> _Directions_: Recreate the listing that follows line for line, without pictures.

------ Available data

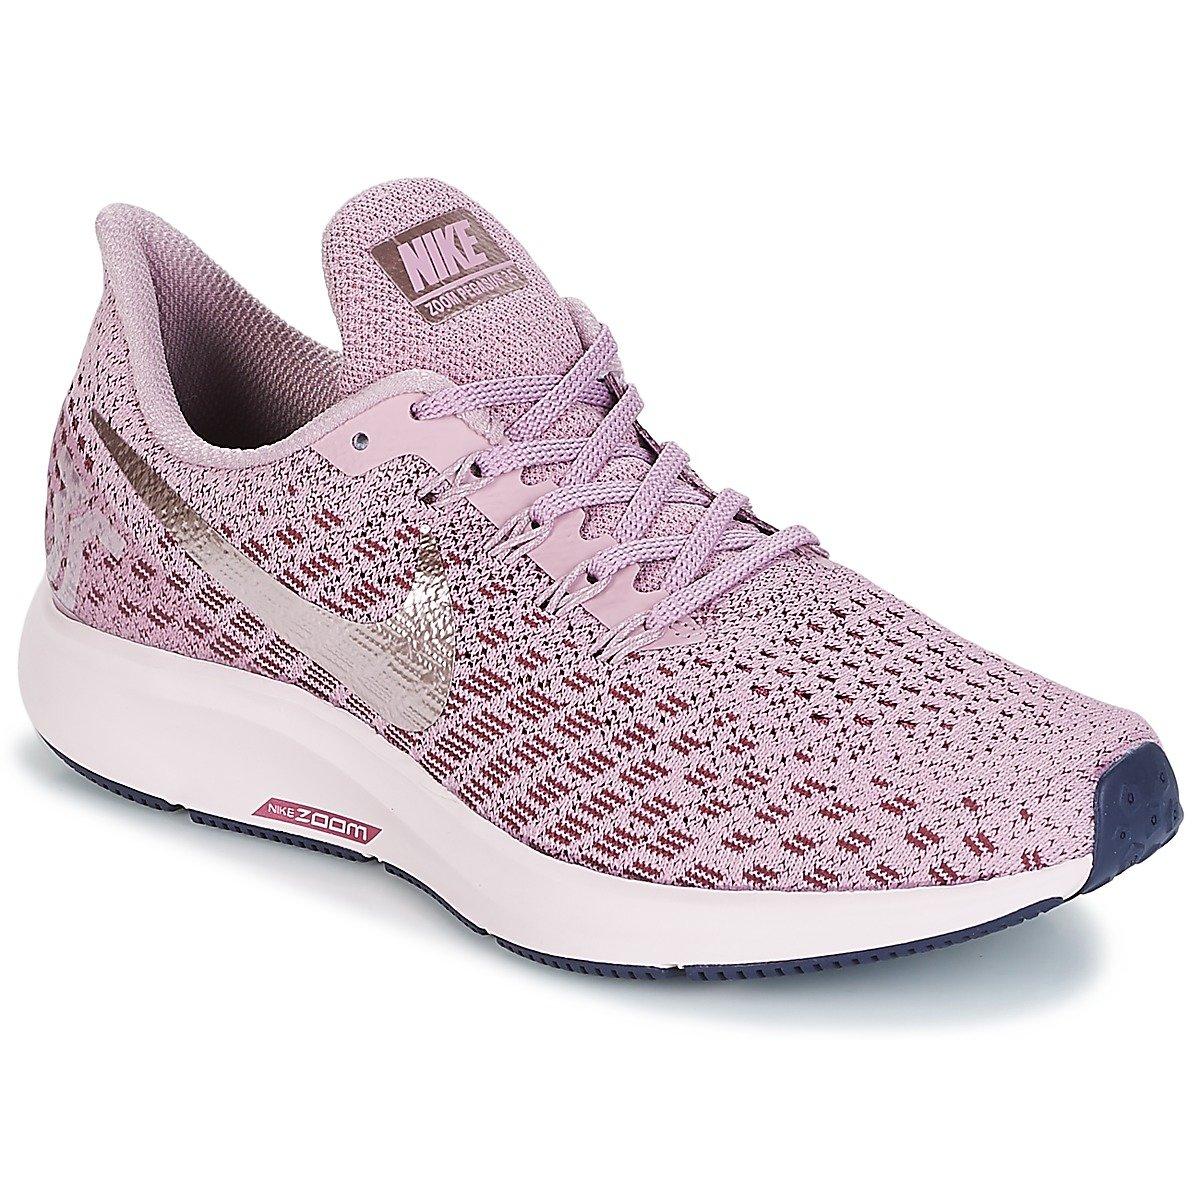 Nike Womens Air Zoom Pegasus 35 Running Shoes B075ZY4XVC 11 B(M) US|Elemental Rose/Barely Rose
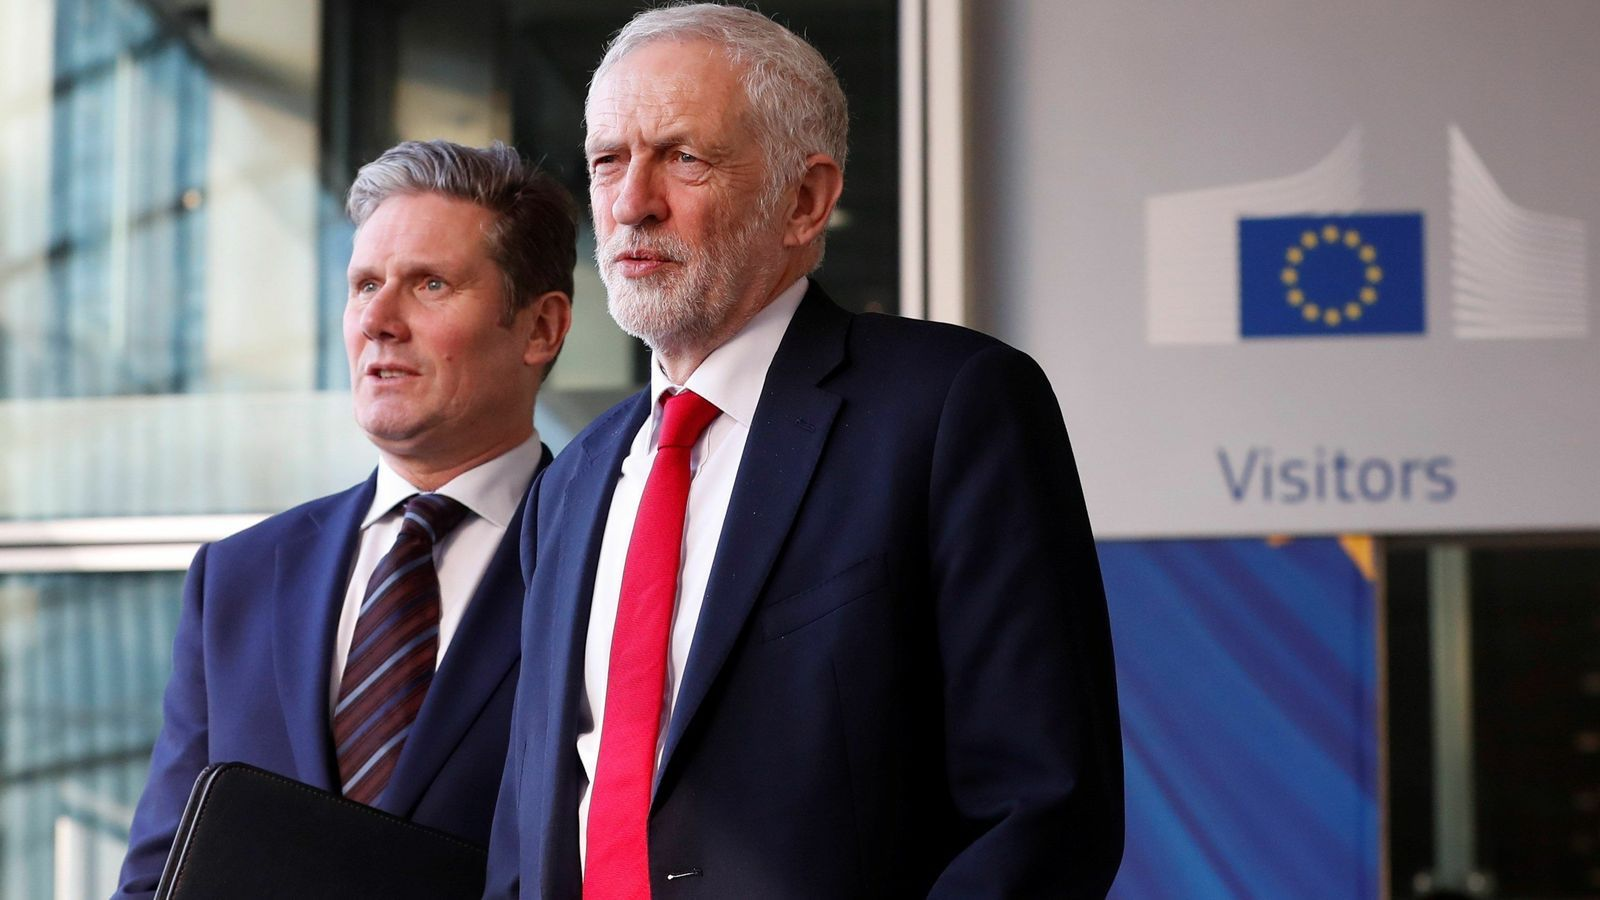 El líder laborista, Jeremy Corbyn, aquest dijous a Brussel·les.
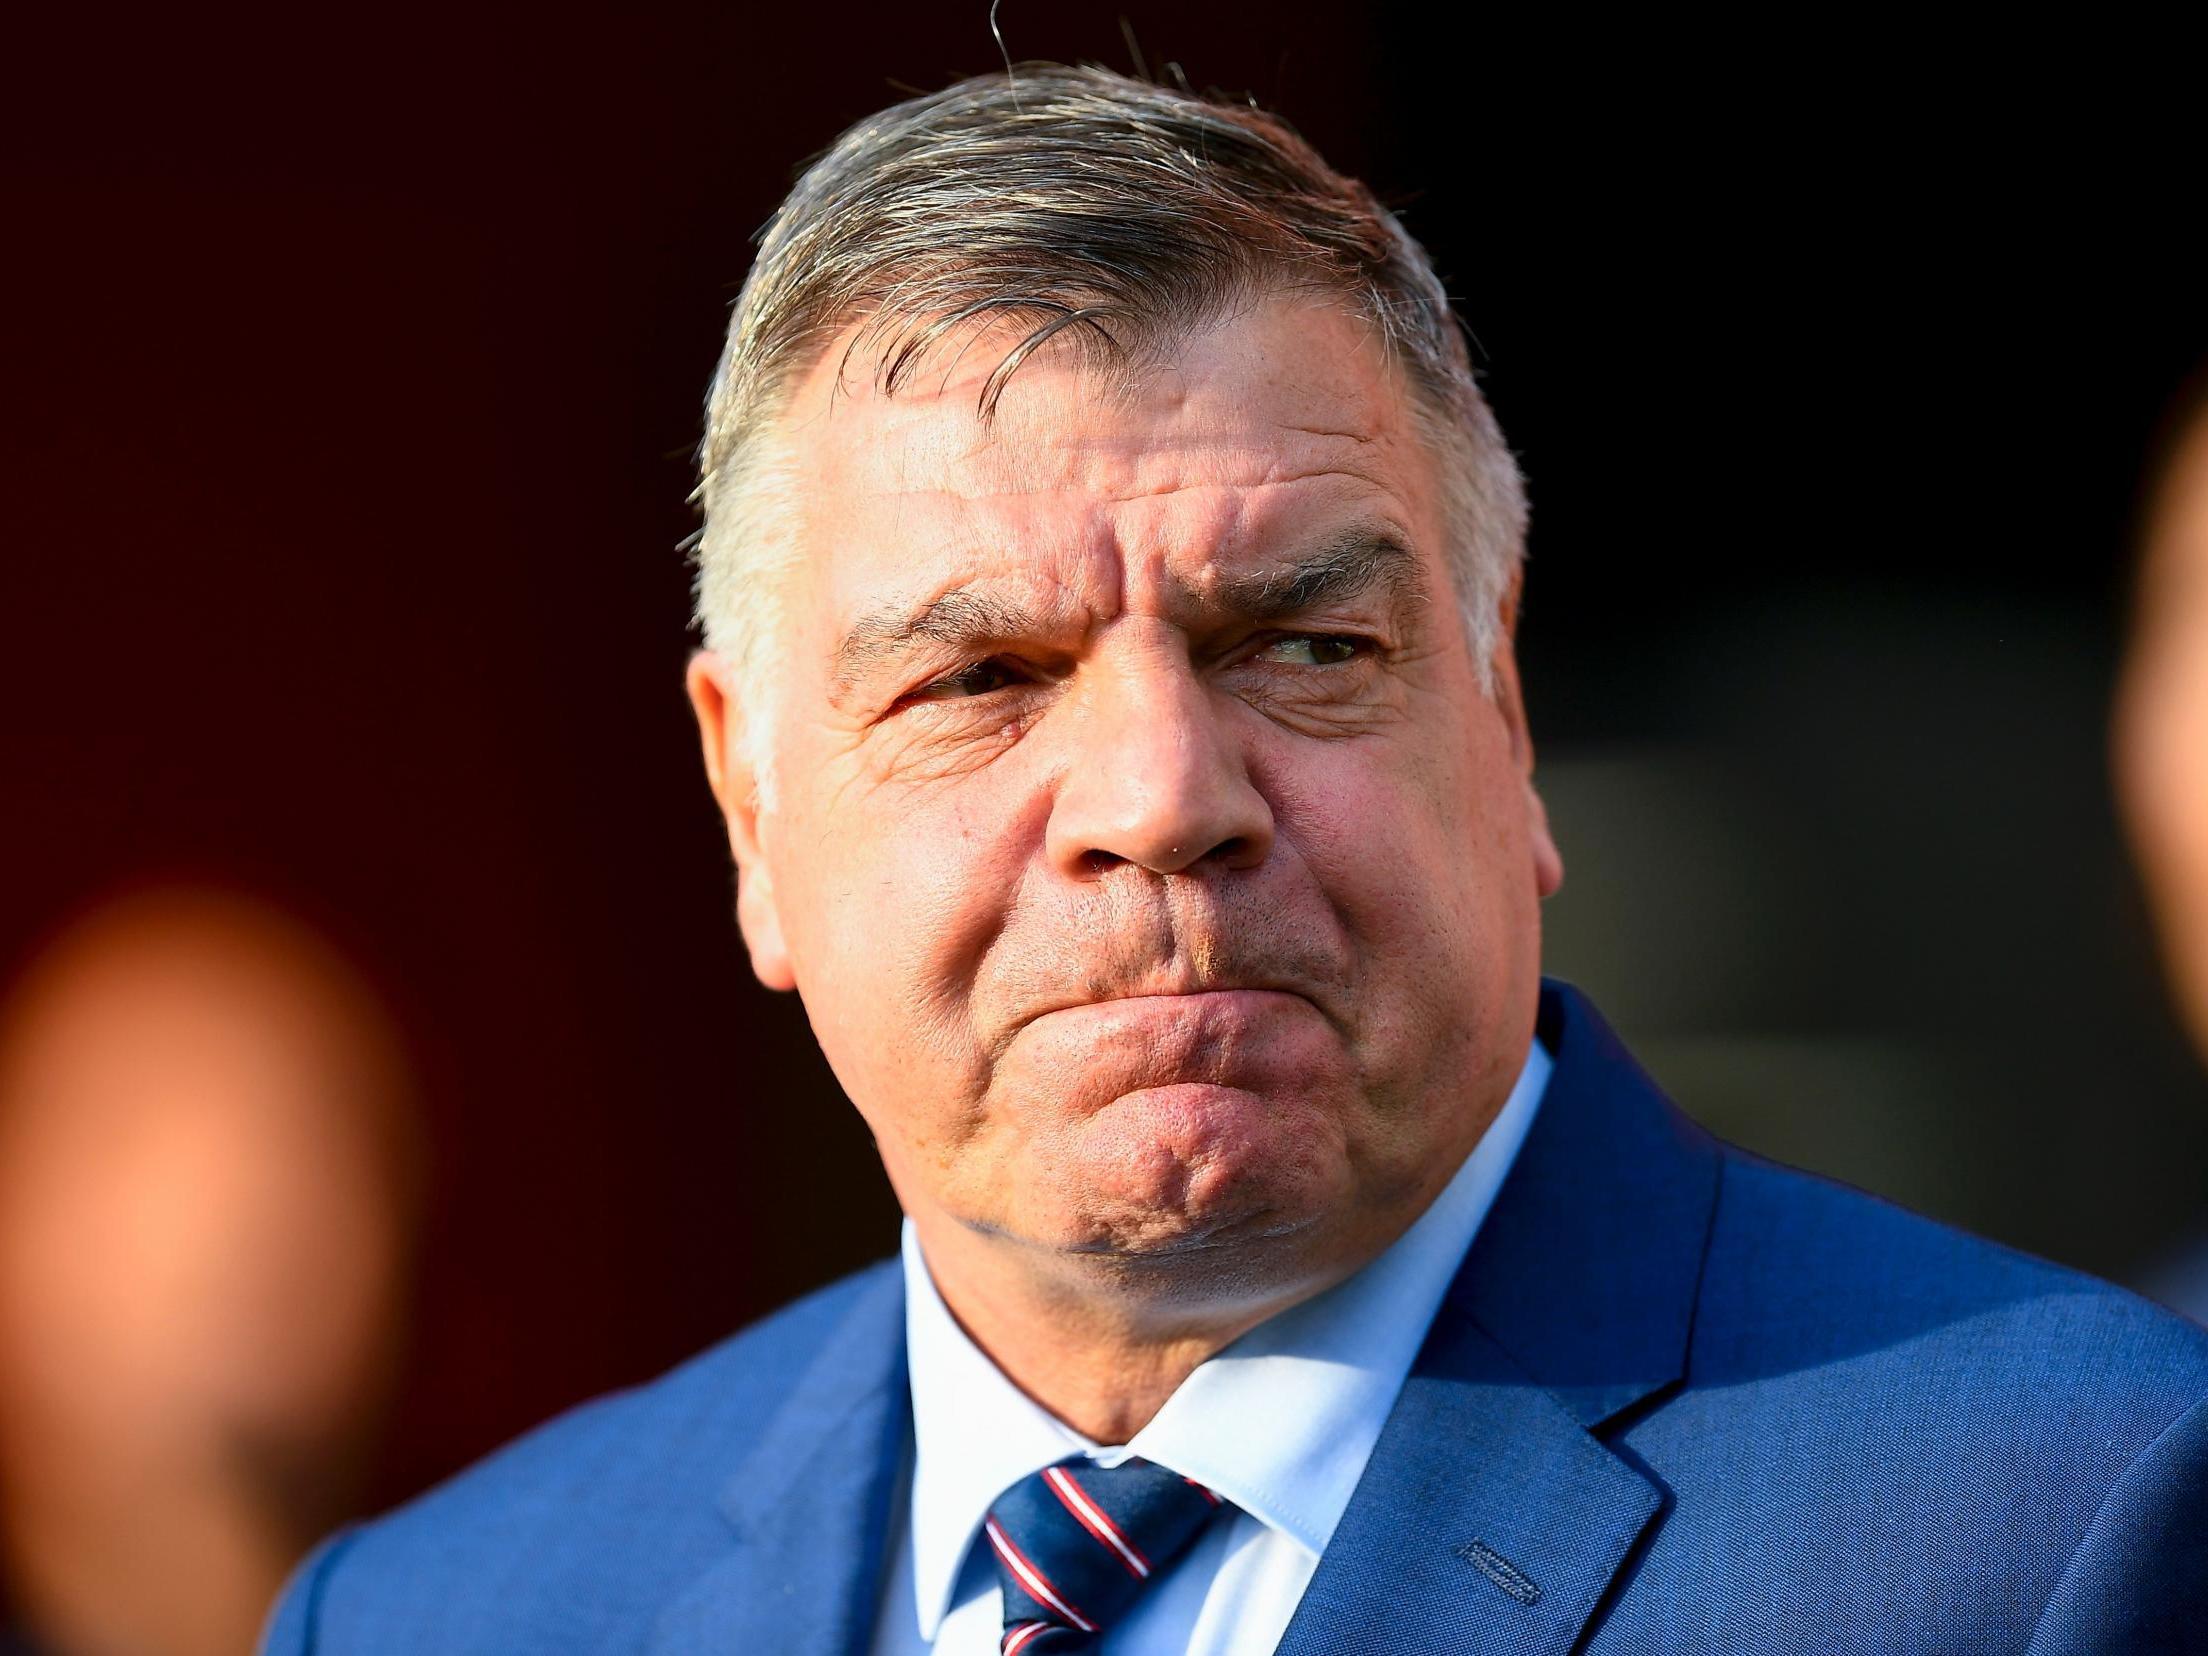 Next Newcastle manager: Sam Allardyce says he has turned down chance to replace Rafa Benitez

------------

> _Exercise solution_:
 Nike Womens Air Zoom Pegasus 35 Running Shoes B075ZY4XVC 11 B(M) US|Elemental Rose/Barely Rose
 El líder laborista, Jeremy Corbyn, aquest dijous a Brussel·les.
 Next Newcastle manager: Sam Allardyce says he has turned down chance to replace Rafa Benitez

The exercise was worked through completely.